Records for the task: Begin
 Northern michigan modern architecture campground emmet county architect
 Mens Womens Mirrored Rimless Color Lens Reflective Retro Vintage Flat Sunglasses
Records for the task: End
Records for the task: Begin
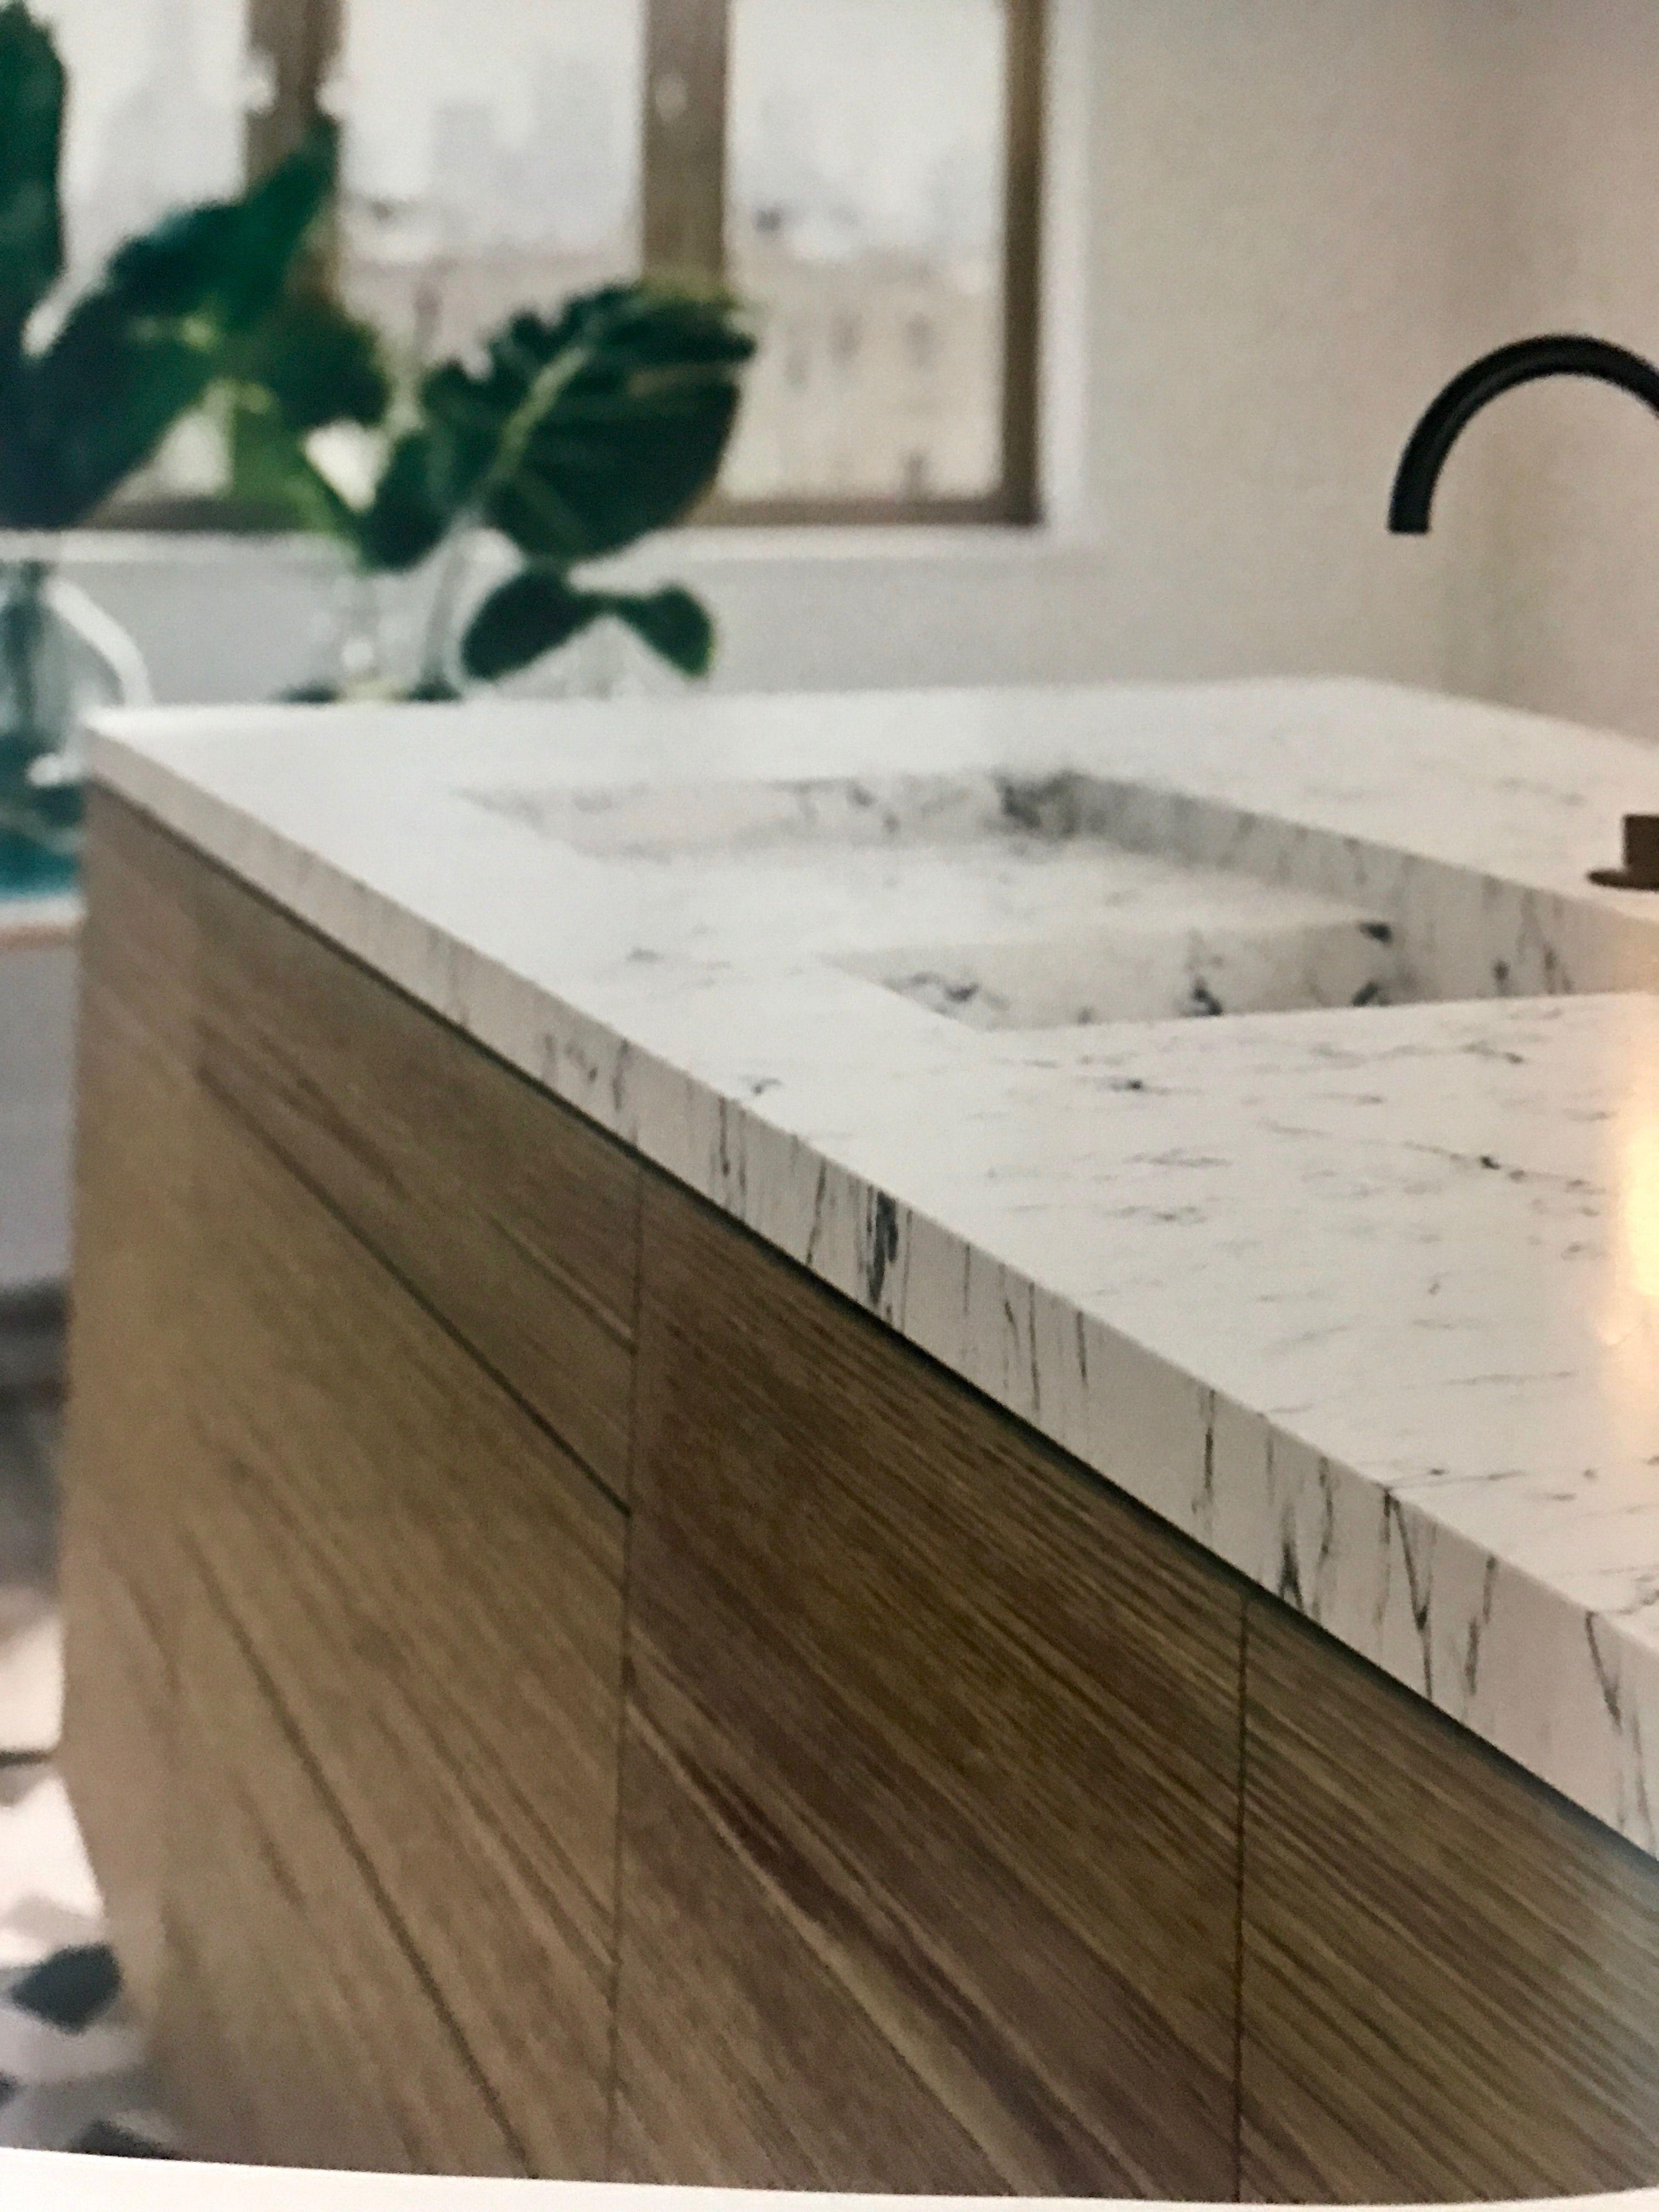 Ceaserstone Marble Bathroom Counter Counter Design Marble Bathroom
Records for the task: End
Work item: The lines above from the one with "Northern michigan modern" through the one with "Mens Womens Mirrored" are to be duplicated exactly, ends included, with nothing added.

Answer to this task:
 Northern michigan modern architecture campground emmet county architect
 Mens Womens Mirrored Rimless Color Lens Reflective Retro Vintage Flat Sunglasses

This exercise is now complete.